Friday, August 12, 2022

VITULA LOCUS (Violin Place) DAY 1

 A new blog! How often does this happen?

This is the story of how I became a Violin Virtuoso and played at the Proms! 

It all began when I listened to Classic FM on the radio as I painted in my studio. I painted seven days a week, 12 hours a day, and so I had become immune to interruptions. I sometimes turned the radio down if it got noisy but generally my background was classical music which I heard and enjoyed but which never broke my concentration. As my best friend and granddaughter, Giselle, will confirm, the only thing that can stop me when I'm in full flow is what she calls, a 'crossroads'. I'd better explain the concept of crossroads, before I continue my story.

'Crossroads' began, or at least when I first noticed them, when I was conscripted into the Royal Air Force as a sheet metal worker; an AC2 the lowest rank in the Air Force. I had done a five year apprenticeship to become a shipwright, but this meant nothing to the powers-that-be, I was just a body that belonged to them for two years. But in the RAF, you may not be surprised to learn, I noticed aeroplanes ... 'crossroads' ... 10 years later I was flying the Queen around Africa and the Prime Minister to Washington, not at the same time you should understand! 

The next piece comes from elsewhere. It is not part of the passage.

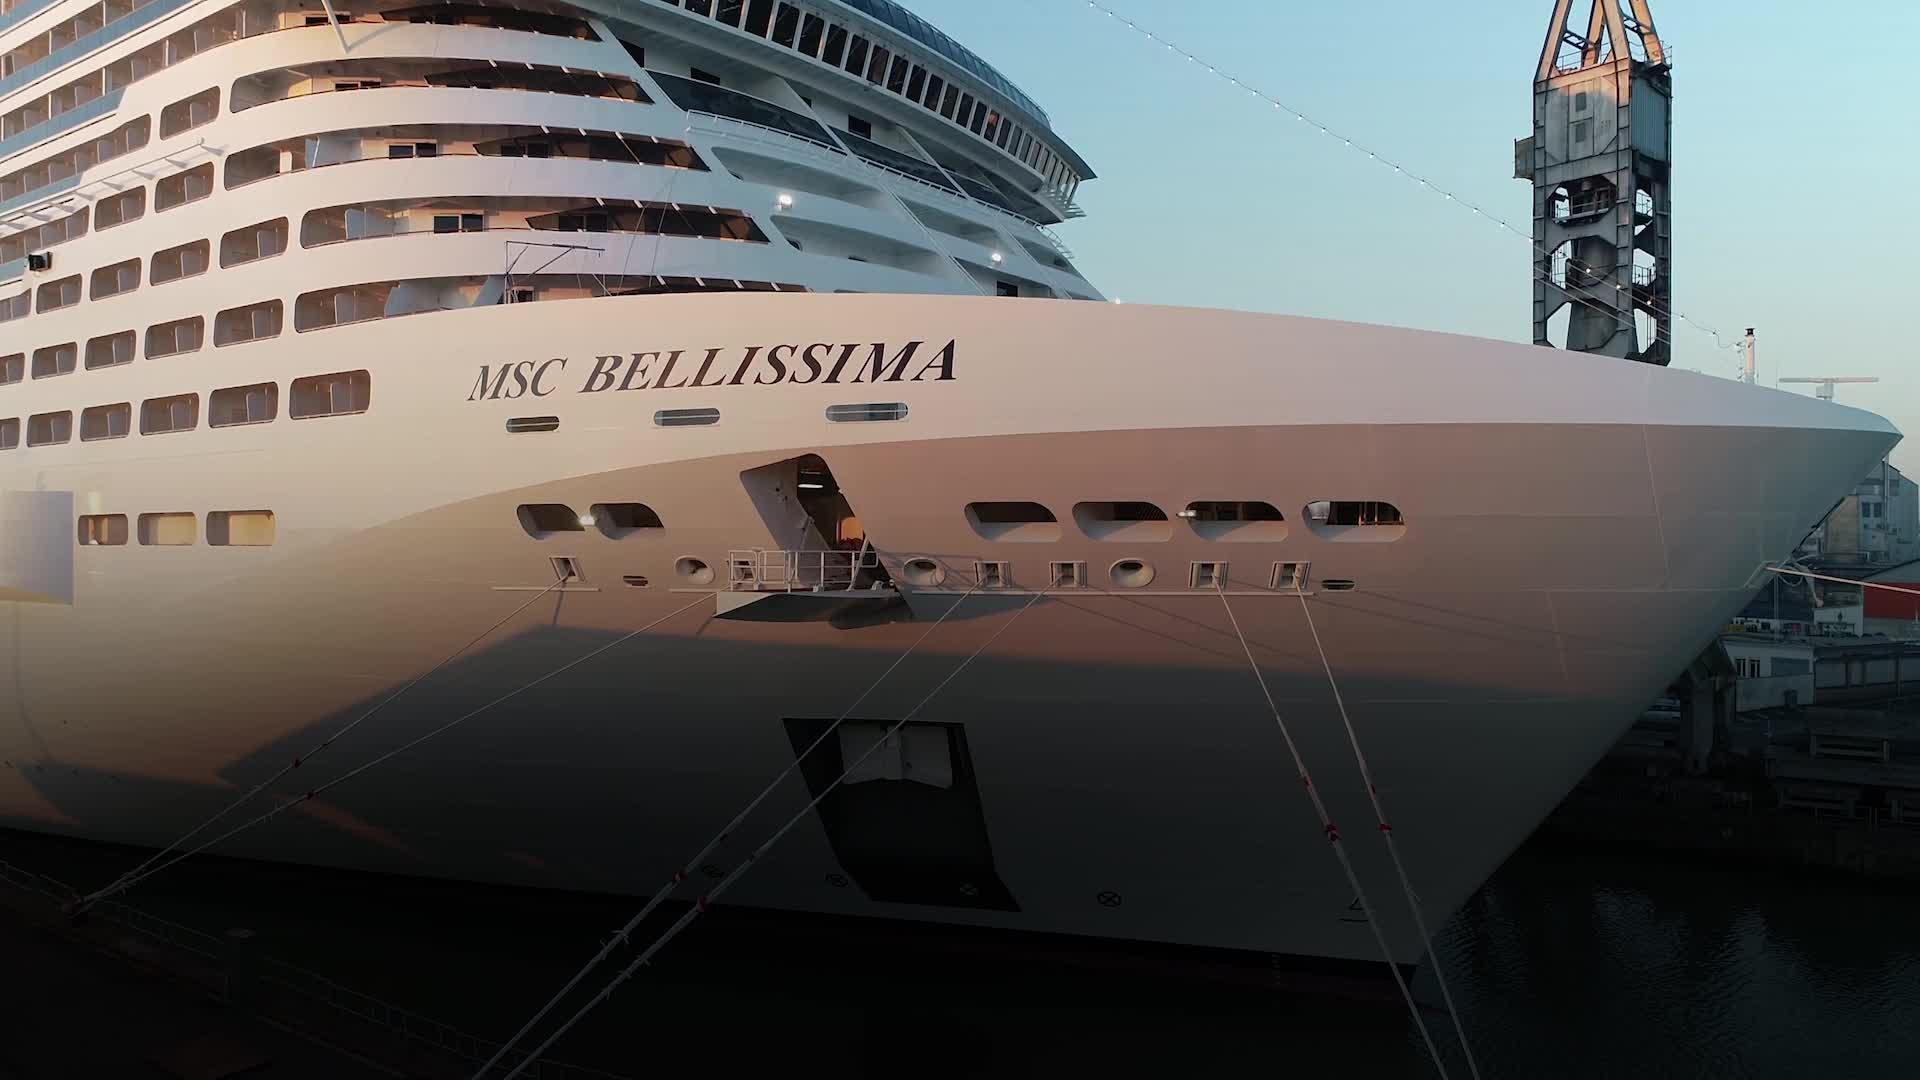 On-board the MSC Bellissima

After years of flying long range, I found myself in Germany with jet fighters and most nights at home. This meant I could have a hobby and so I started Pen and Ink drawing ... "Crossroads"... within the first two months I had sold 170 copies of my drawings of Rhine Castles.



Commissions poured in and within two years I had to leave the RAF to become a professional artist. Within months we - my long suffering wife was very much part of everything I did - won  'Wiltshire New Business of 1983' and with it came a free accountant and an agent in Bath.




I'm not going to bore you further with detail, but here in summary are the crossroads that followed:


Computing: !988 Winner Most Innovative Software in British Industry 1988

Award at National Exhibition Centre Dinner


I could go on but I'm getting bored. 

So there I was painting in my studio to a background of classical music on Classic FM. When I found I couldn't paint for the tears in my eyes. I was forced to stop to listen to a violin. This happened a few times and I noted it was only the music of one particular violinist that was forcing me to listen, Nicola Benedetti. 

I assumed Nicola Benedetti would be an elderly Italian, although it did ring a bell in this old brain. In reality she is a thirty-five year old Scottish lass, who had won the UK Young Musician of the Year 2004 when she was 16 ... which had rung the bell for me. 



After sitting for hours listening to her, and watching videos in which she generously spends her time with, and teaching, all levels of musicians, I realised, almost in horror as I'm 84, that I had come to a 'crossroads'. I can't be on the outside of this looking in, I have to be on the inside participating.

Schindler's List Here she is

So in the story of how I became a Violin Virtuoso, this is Day 1 of the story. I wonder how heavy a violin is?